Dean scosse il capo, smarrito, allontanandosi appena, inconsciamente, come se volesse mettere una distanza fisica tra sé e quelle parole. Non vedere più Cas, mai più?
Lo afferrò per il bavero del trench e lo scosse con forza. Tu non te ne vai!, gridò dentro di sé, con più panico di quanto fosse disposto ad ammettere. Faremo il culo a quella stronza, a costo di ammazzarla, e se anche non servisse… ‘fanculo, ci penso io a te!
«No» asserì l’angelo in tono quieto, ma con decisione, chiudendo le mani sui suoi polsi. «No» ripeté, e lui si sentì così male da desiderare di prenderlo a pugni.
Era colpa sua, l’aveva escluso, non l’aveva seguito abbastanza ed ora Cas preferiva lasciarli, piuttosto che trascorrere il resto della vita così.
Cristo, non c’era nessun resto della vita, per Cas era l’eternità, realizzò quindi. Il resto della loro vita - sua e di Sam - così, e poi sarebbe rimasto solo. Poteva biasimarlo?
Si morse un labbro, odiandosi per averlo messo in quella situazione, per non avere voce, per la consapevolezza che sarebbe stato impotente pur avendola. Ma una cosa doveva fargliela capire.
Si accostò fino a posare la fronte sulla sua. Non sei un peso, pensò, pregando che gli stesse leggendo ancora la mente. Non lo sei mai stato, continuò stropicciando il trench tra le dita. Non lo sarai mai, concluse desiderando spingere quel pensiero dentro di lui come se fosse fisico.
«Bugiardo» mormorò Castiel con un nuovo sorriso, minuscolo, ma così tipico di lui.
L’ammazzerò, promise Dean. E se non basterà ad annullare la maledizione, troveremo una soluzione. Milioni di persone hanno qualche senso fuori uso e vivono bene comunque. Possiamo farlo anche noi.
«Puoi essere un cacciatore anche se muto. Un angelo cieco non ti servirebbe a niente» osservò l’amico pragmatico.
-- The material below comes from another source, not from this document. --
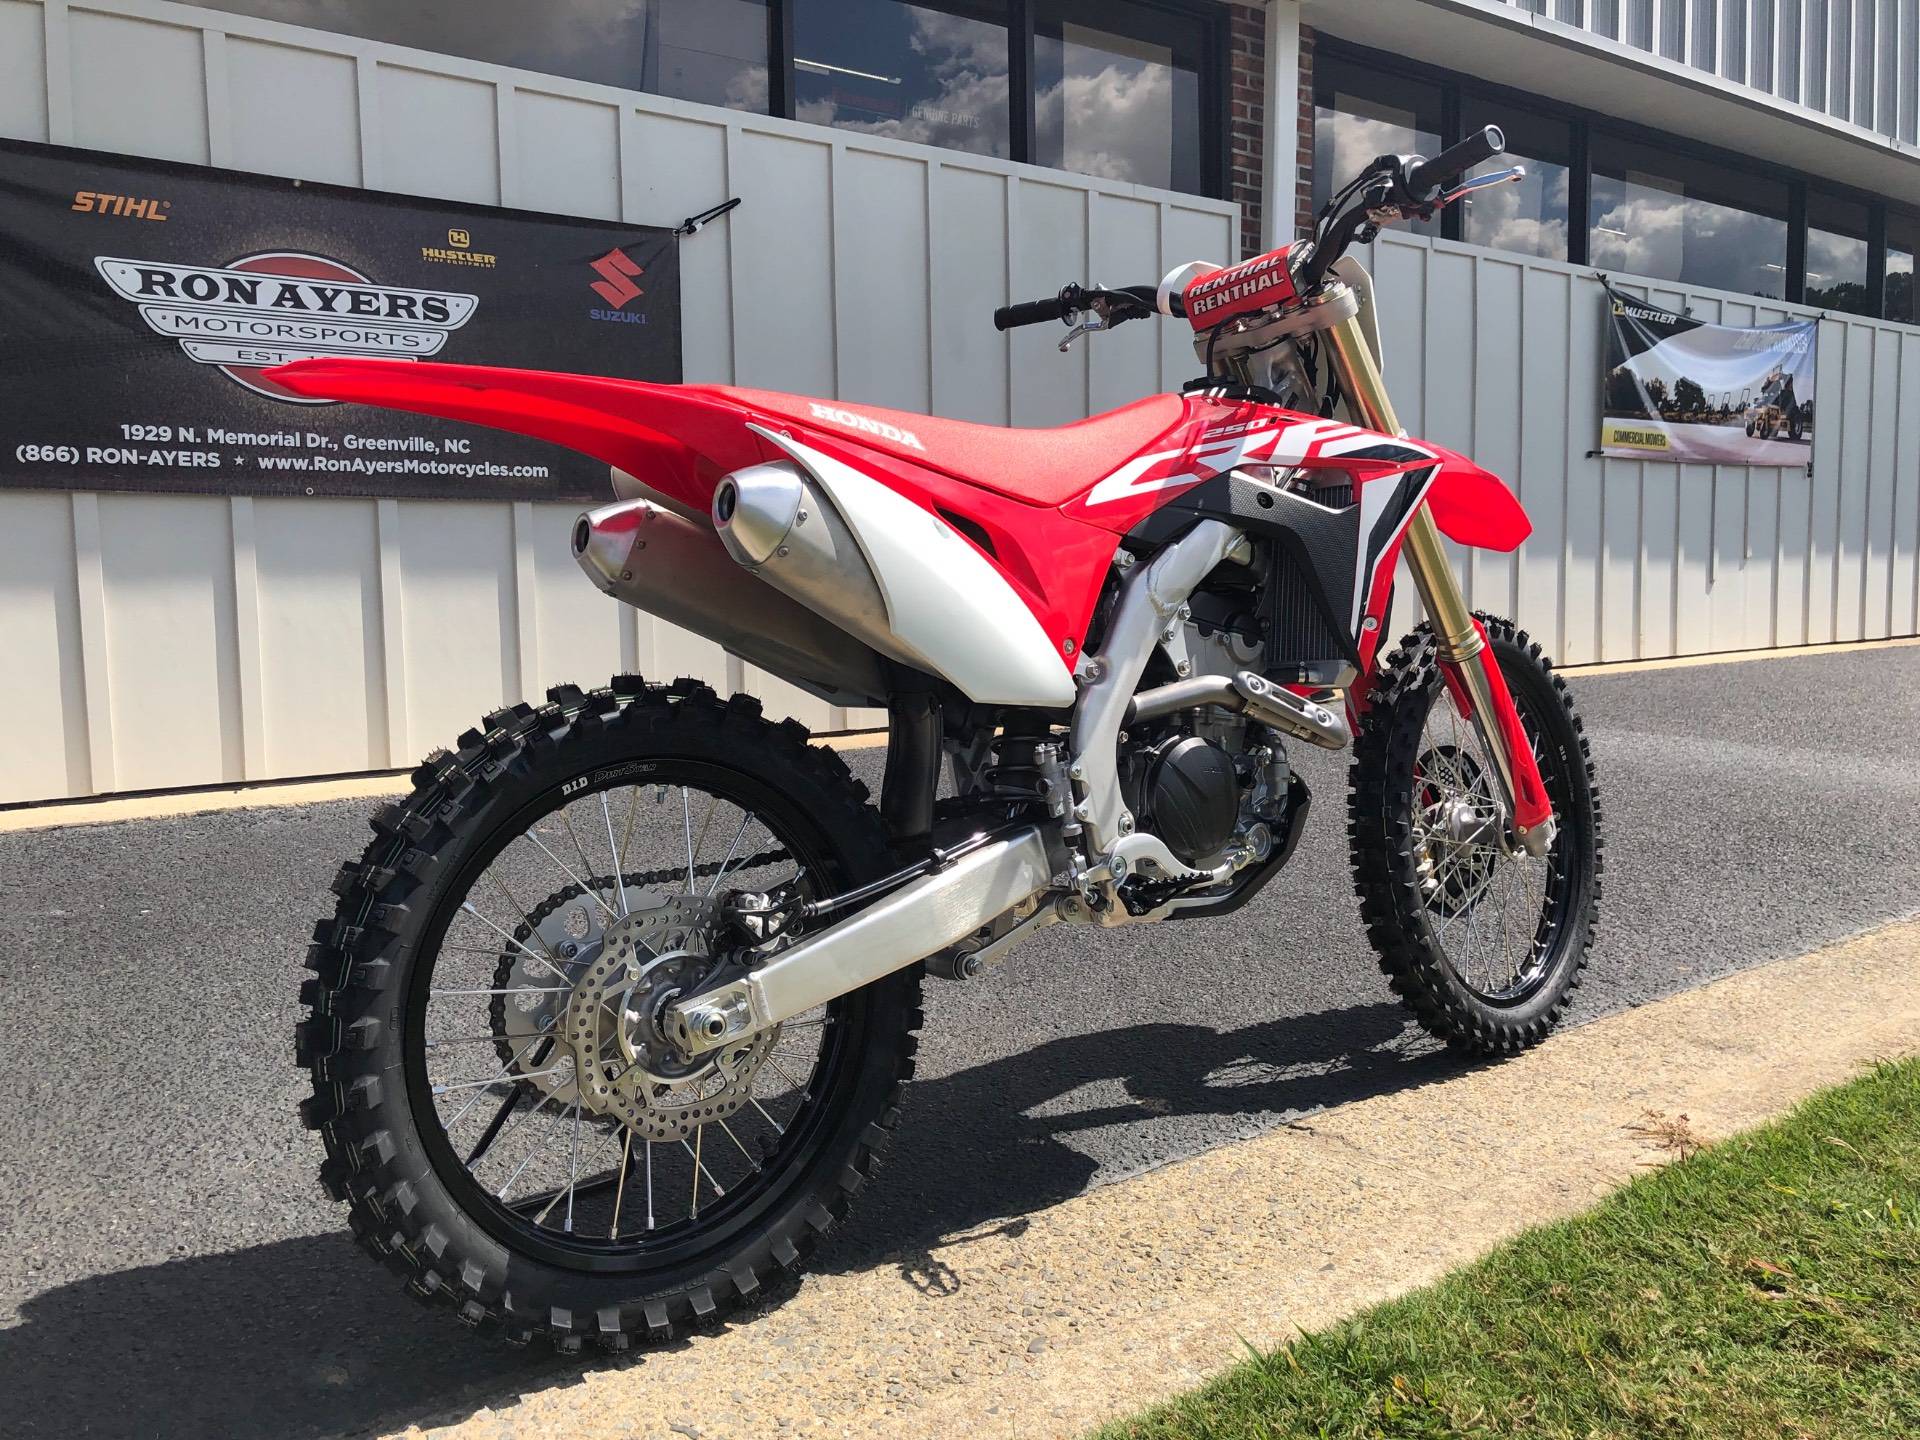 New 2021 Honda CRF250R Motorcycles in Greenville, NC Stock Number N/A

Non. Dirlo. Dean lo strattono ancora. Mai più.
Castiel socchiuse gli occhi, due frammenti di cielo al crepuscolo contornati da un pizzo di lunghe ciglia nere, ad un soffio da lui. Non fece niente, non disse niente, ma per lui fu troppo. Divorò quella distanza irrisoria e catturò il suo labbro superiore - morbido, pallido e perfetto - perché, ‘fanculo tutto, Cas era suo.
Ironia della sorte, stavolta fu lui a rimanere senza parole. Socchiuse la bocca come in procinto di dire qualcosa, ma ne venne fuori solo un respiro tremulo, e Dean ne approfittò per affondarvi la lingua.
Che cazzo stava facendo? Non ne aveva idea, ma non pensava avesse molta importanza, non alla luce del fatto che Cas avrebbe potuto non essere più lo stesso, oppure lasciarli per sempre. Era troppo fottutamente retto per infrangere la parola data ad un amico - al suo tramite. E lui non era sicuro che avere il suo angelo nel corpo di una ragazzina, eternamente costretta a quella forma, fosse la stessa cosa. Ma sarebbe stato comunque meglio che perderlo.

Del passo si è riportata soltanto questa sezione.